Here are three concrete ways we can get started shaping AI systems as a force for good:
1. Help engineers build the small datasets that machine learning algorithms are trained on
A few years ago, ‘big data’ was all the rage, data was ‘the new oil,’ and the general belief seemed to be that the ‘solution’ to better AI was simply bigger data sets. Many of us argued for the value of thick data, and for quality over quantity. Well, now ‘small data’ is in again.
The advent of synthetic data means that for many use cases, engineers can train AI on a small, high quality data set and with relative ease build a vast set of much more diverse training data. More broadly, there’s a growing movement of data-centric AI with leading voices in the AI community arguing that the algorithms we build are only as good as the datasets we have, and that it’s often more efficient to have one very high-quality small dataset than to have tons of questionable-quality data.
But how will engineers get those high-quality small datasets? There is an opportunity for ethnographers to help the developers of AI algorithms define, collect, and evaluate the highest quality small datasets available, based on a deep understanding of the factors that are really at play in anything that the algorithm has been built to do – the kinds of factors that are usually hard to detect unless you’ve spent time embedded in the context you’re trying to understand, and the kinds of factors that if you miss or get wrong, the whole endeavor fails.
For instance, data scientists work to detect and deter credit card fraud by pouring over the traces of fraud left in credit card transactional data. But they lack a first-hand understanding of what it is like to be a credit card fraudster. Good ethnography, leaning on the sociology of deviance, can help build datasets that draw from better sources and minimize bias and noise (such as the right pairing of real-estate data and traditional transactional data).
We can weigh in on success metrics too – what does it mean for a machine learning algorithm to ‘get it right’ from the perspective of the humans who will feel the direct impact of what the algorithm does? To build high-quality, small datasets that are useful to engineers, ethnographers ought to not only make theoretical sense of the situations people are in, but also capture, down to the smallest details, what happens. There is perhaps no higher quality dataset than the videos, photo, and text captured during ethnographic research in which the ethnographer has deep knowledge of the context.

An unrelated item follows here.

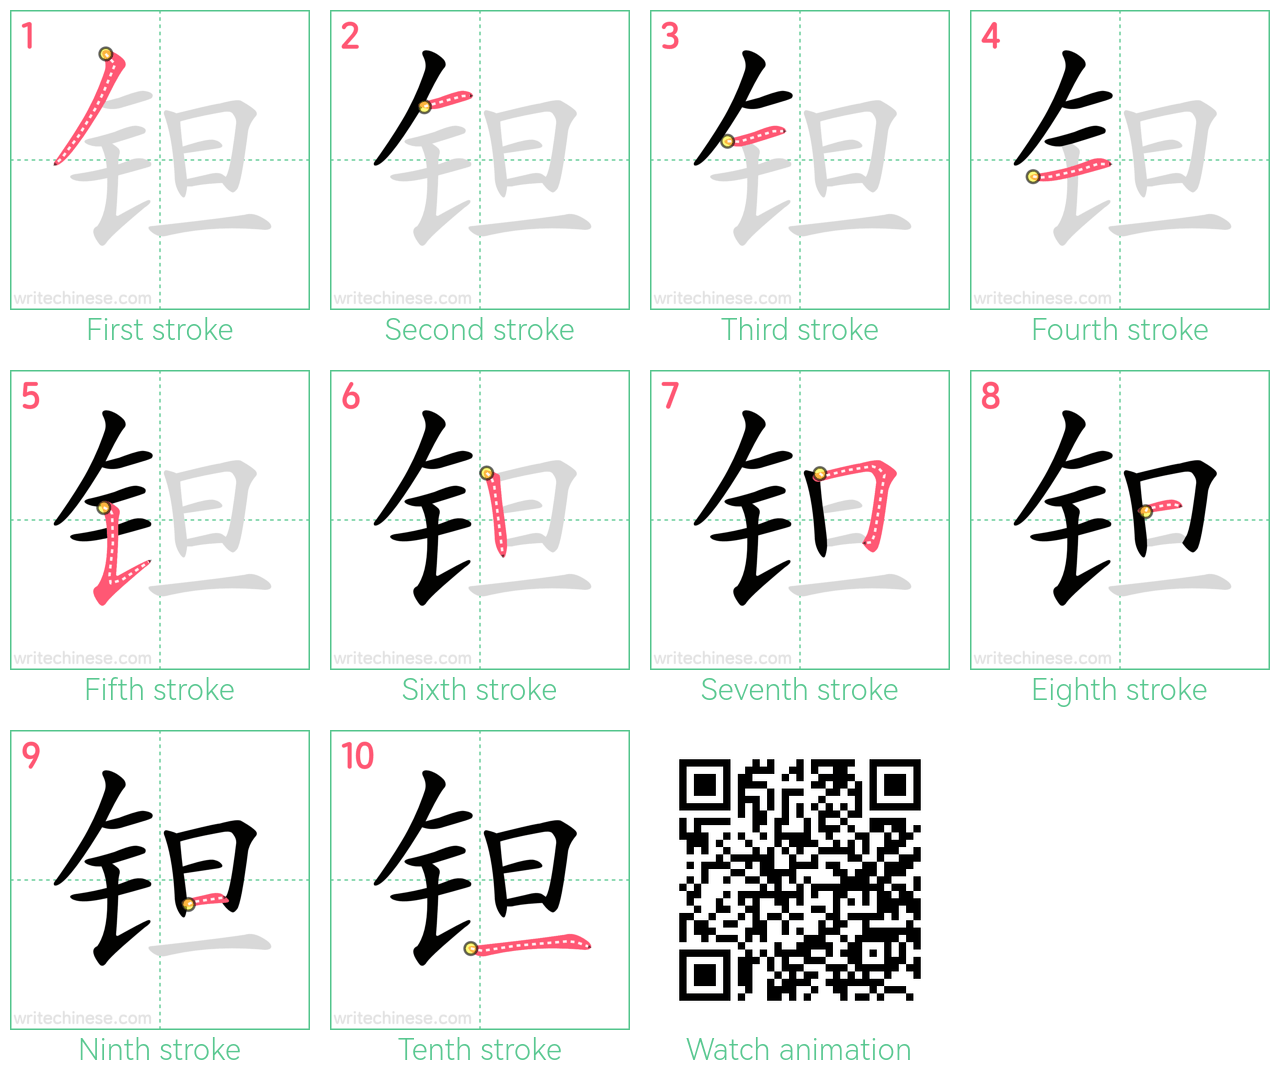 钽 step-by-step stroke order diagrams

2. Help policymakers and leaders set the standard for responsible AI
There are many biases and unintended consequences that AI developers and policymakers already know they should be on the lookout for and correct, and policies or regulations in-the-works to ensure those corrections are made. But what about unknown biases and unknown consequences?

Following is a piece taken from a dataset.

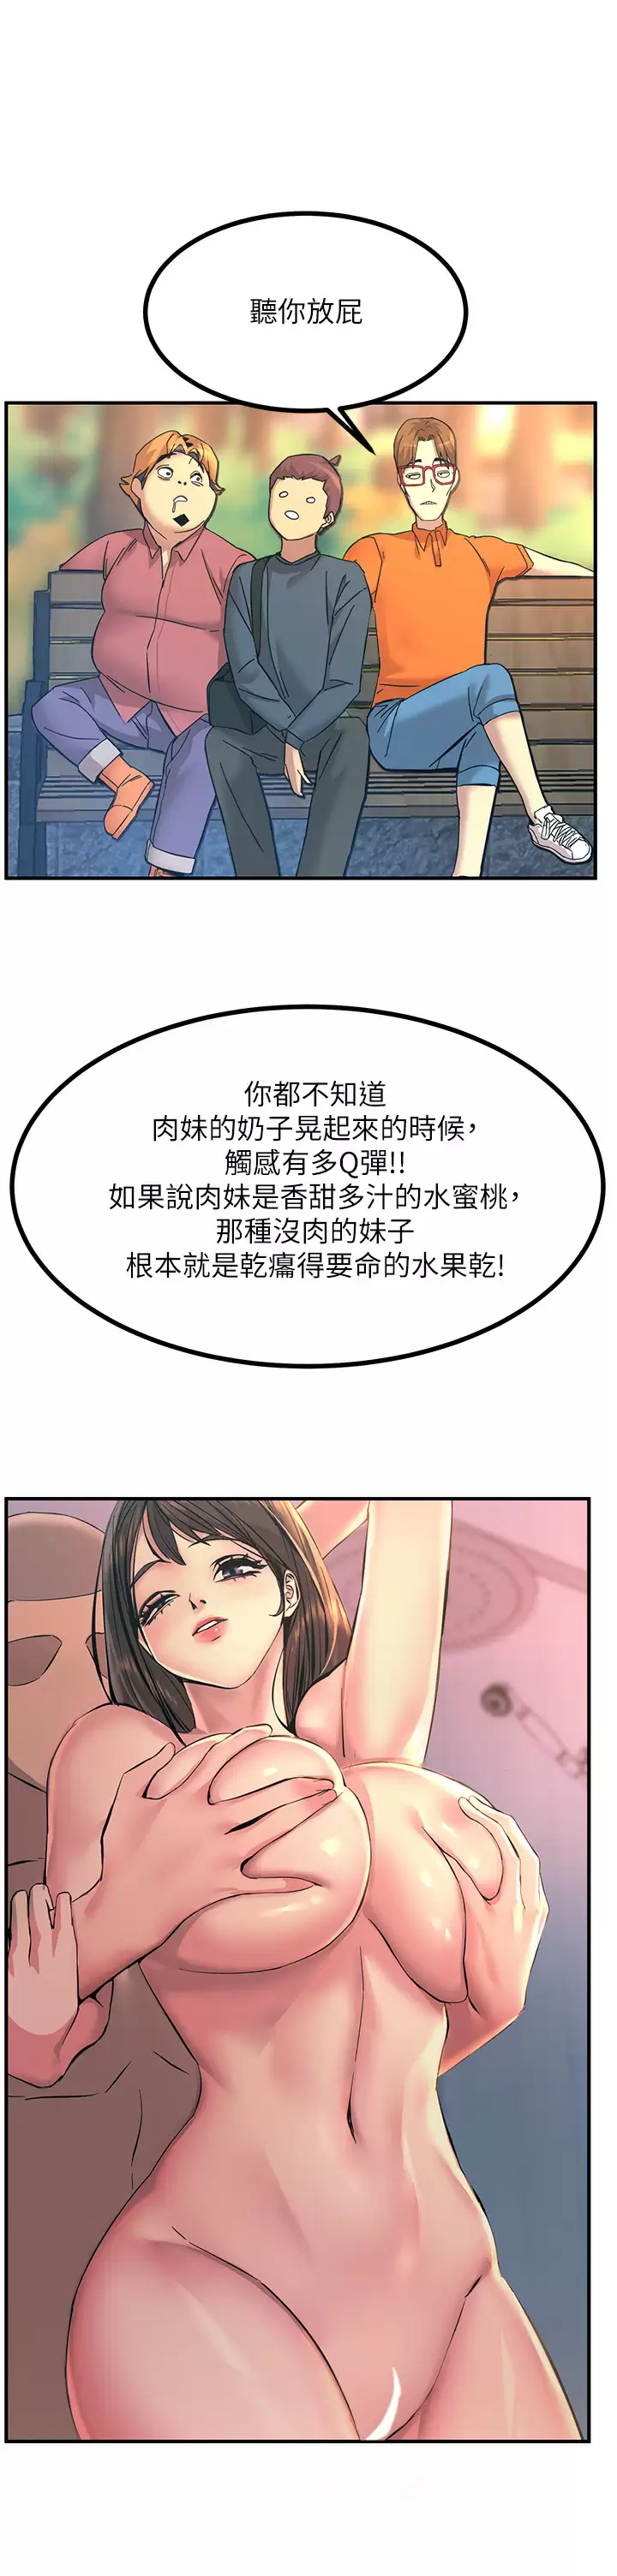 韩国污漫画 觸電大師 第11话 确认好友的兴奋指数 42

There cannot be responsible AI without a deep social science understanding of the role and impact of AI in society. Ethnography is about uncovering and making sense of biases, hidden structures, dynamics, and systems of influence. All too often, well-meaning AI ethics boards, policy think tanks, or governing bodies are made up primarily by people who are experts at combatting already-known sources of bias, inequity or harms (such as the many well-documented ways in which race or gender biases in underlying data sets perpetuate real world inequities), but who may not be equipped to do the difficult work of identifying less obvious sources of bias or harm from the ground up.
Take synthetic data in particular: it holds the promise of greater anonymity and privacy protection in datasets, and the ability to detect and correct for biases in the original datasets, by creating more, synthetically, of what’s under-indexed. But it also has the potential to perpetuate a snapshot of the world that is inaccurate or stagnant. If we think back to the rise of big data, when large scale datasets became readily available, suddenly many business leaders and decision-makers turned to these as the ultimate source of truth. Ethnographers experienced this firsthand, having to explain the limits of big data in solving certain kinds of problems. Well, now synthetic data promises to be even more readily available, relatively cheap, and able to replicate even the kinds of data that otherwise would be too expensive or dangerous to obtain. So it’s likely to become the new default, off-the-shelf tool for decision-making used in situations where people know it probably isn’t appropriate, because it is comparatively cheap and easy. There’s an opportunity for applied ethnographers (and social scientists more broadly) to not only make sure synthetic data is built from the right high-quality real-world datasets, but also to help leaders set up ethical guardrails and clear business cases for when to use synthetic data, and when to avoid it.
3. With designers and product developers, go beyond features and functionality, and start talking about the relationship between people and algorithms
Social scientists and ethnographers study relationships – whether between people, communities, or people and the things and places with which they interact. The relationship we should now be studying, and helping to shape in our work, is the relationship between people, specifically the ‘end user’ of a piece of technology or software that’s been built that uses AI, and the algorithm that is fueling that technology.
This is especially the case with content-recommendation engines, the kind that suggests what to watch or do or buy online, based on what we’ve liked and done before. Increasingly, people are aware of how these algorithms shape their preferences and tastes. But people also shape the algorithm – it learns based on our actions. And people are becoming increasingly aware of this too – changing what they like, how they use hashtags, how they search – in order to influence the content they encounter.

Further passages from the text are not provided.